10 October, 2002
curious lack of lame porn soundtracks
the music and adult industries have
j i m m y n e w l i n
Anyone who is as much of an insomniac as I am has seen VH1's late night specials about porn stars trying to break into the music business. They're normally pretty sad accounts; apparently a decade of cock-gargling affects your singing voice.
More interesting, or perhaps just more successful, is the amount of pop-musicians who have broken into the porn business, particularly through hip-hop. Luther Campbell, formerly known as Luke Skywalker from 2 Live Crew, produces a series of videos called Luke's Freakshow. Snoop Dogg lent his name and likeness to Hustler Productions' Doggystyle last year, making it the bestselling adult video of the year (150,000 units worldwide). DJ Yella, the only member of N.W.A. to neither prosper in the music industry nor die of AIDS, has been making porno for Lo-Key Productions. According to the Adult Video News, Yella feels that he is "bringing porn to the mainstream," and he may be right: local record stores have started carrying his videos, thus eliminating the stigma of walking into an adult video shop.
Of course, all of these artists have previously been criticized for the sexual content of their lyrics. Should their audience be surprised to see Snoop Dogg cavorting with Larry Flynt now that he finally has the opportunity? Tupac Shakur and the Notorious B.I.G. rapped about street violence and then redecorated their limos' interiors with brain; isn't it only natural that Luther Cambell get a hummer from Jenna Jameson?
More unanticipated is the way independent rock, specifically, the "emo" genre, has embraced pornography. Emo is a kind of low-energy punk rock filled with lots of angsty lyrics. At its best, it's Sunny Day Real Estate or Fugazi. At its worst, it sounds like a Third Eye Blind cover band filled with kids wearing Buddy Holly glasses and too-tight-tee shirts from Salvation Army.

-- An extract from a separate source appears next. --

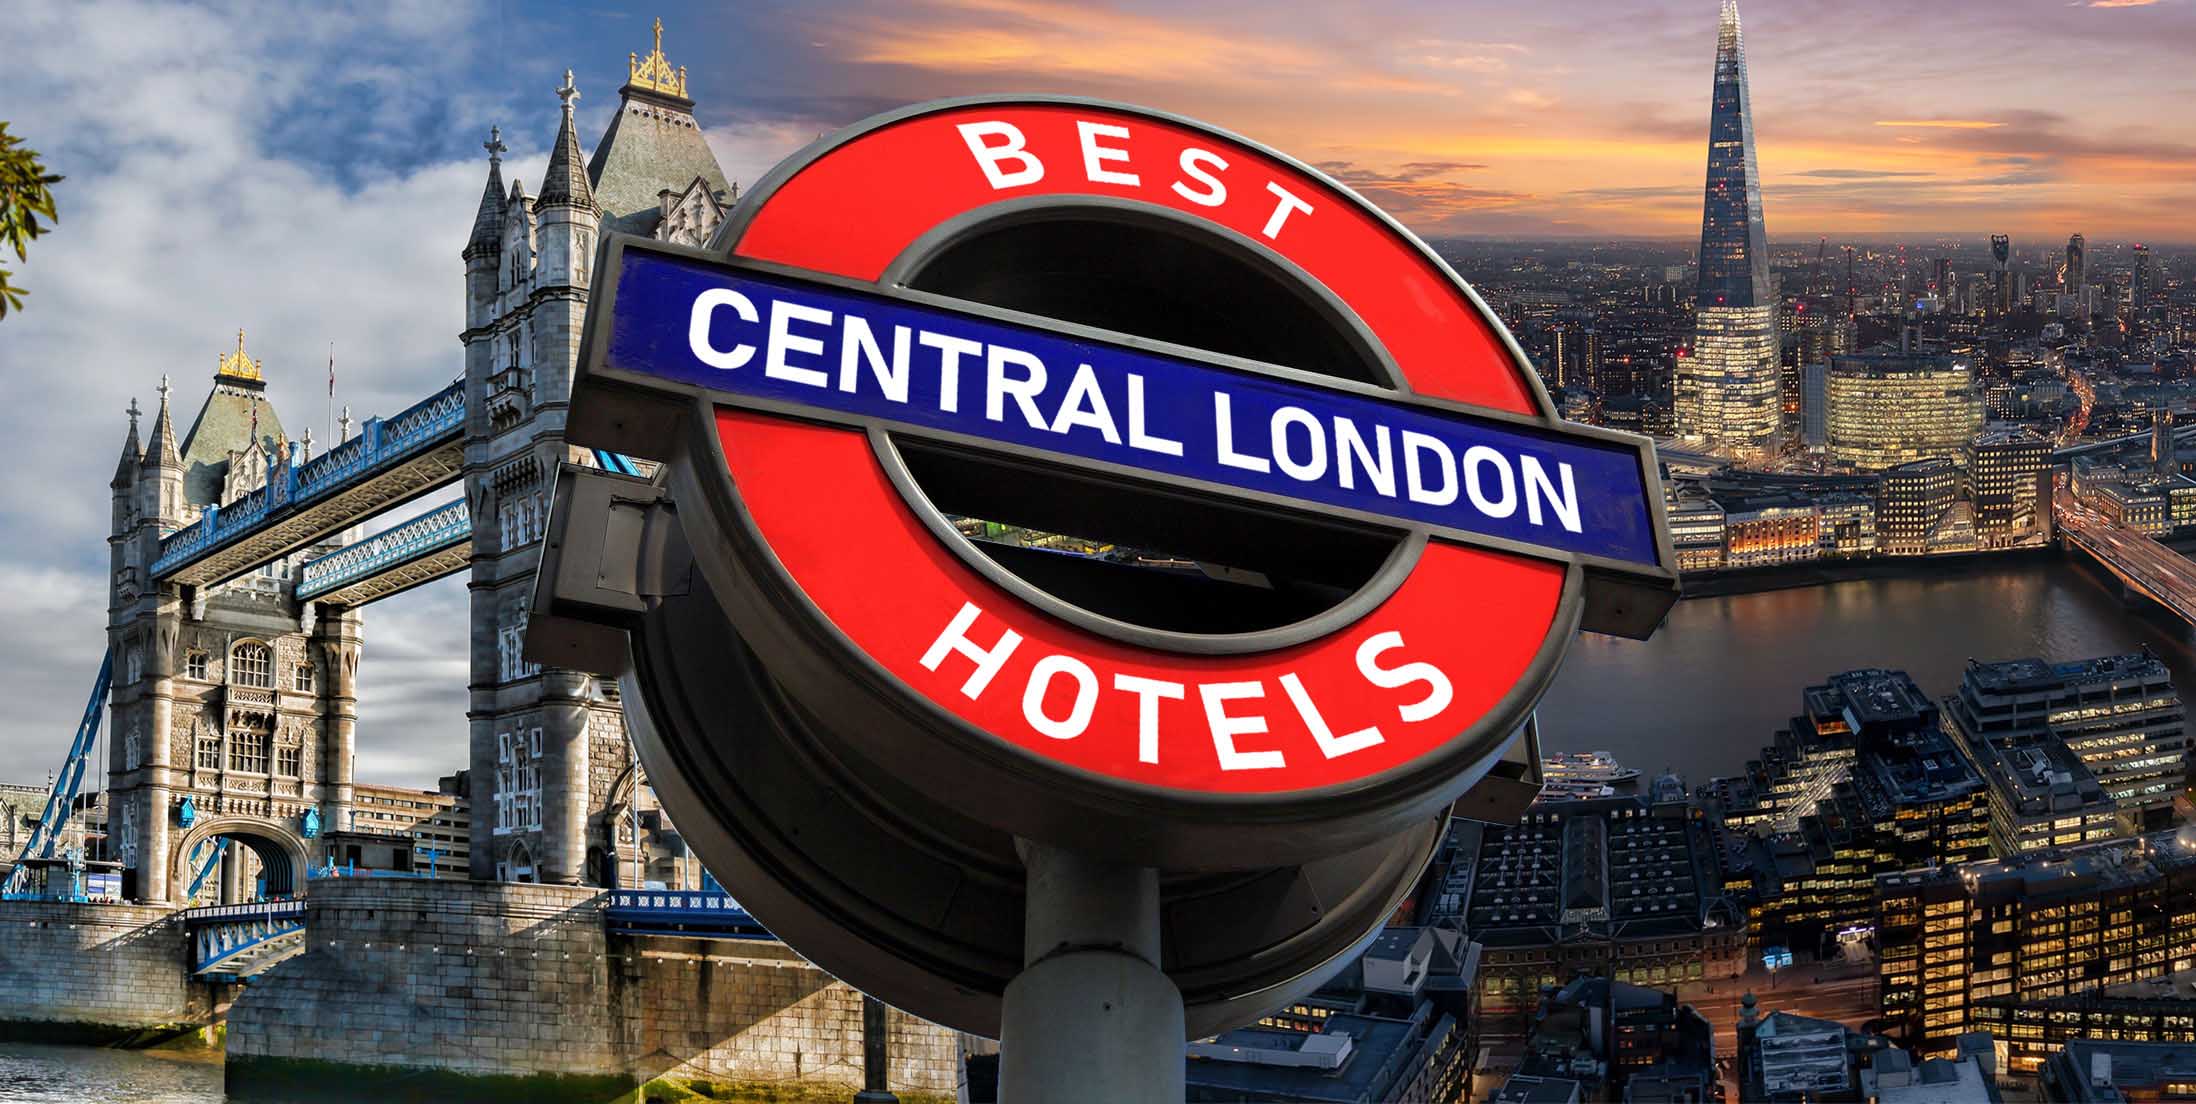 Best Hotels in Central London

A number of adult websites courting the emo fanbase have appeared on the web, trying to profit from the hormones of young rock fans. Supercult.com refers to itself as a home for "all subcultures," providing "home made and home grown porn" for punks. Suicidegirls.com captures models with gobs of tattoos and dyed hair, asks them what their favorite bands and books are (Dashboard Confessional and Anaïs Nin are popular faves). Suicidegirls also features online journal entries by the models describing their emotional states, a popular activity of the emo subculture.
The one with the best name, Emoporn.com, is regrettably off its server now, but they promise to return soon and are, apparently, starting a record label. Frictionusa.com advertises on the influential indie-music webzine Pitchforkmedia.com, and its main photographer apparently tours with a band called Minus the Bear (there's a note on their homepage asking for wannabe-models to be photographed for the site at Minus shows).
Maybe the roots of this trend lay in Sonic Youth's decision to employ Richard Kern to direct their "Death Valley Œ69" video in 1986. Kern is a quasi-pornographer/artist who has made a handful of aggressive films (the most famous being Fingered), and whose photographs include naked girls spreading their legs and picking their noses. Kern's influence is seen all over these websites (particularly Frictionusa), as well as the music and culture magazines The Face and Fader, which also show copious nudity.
Rock and Roll is nothing without its inherent sexuality, but it doesn't seem as much fun when it's so blatant. Still, these videos and websites are testament to the self-representation that makes alternative music like hip-hop and indie rock so exciting. If you don't like what's on the radio, you grab a guitar; if you don't like what's in Hustler, you grab a camera and a pretty friend.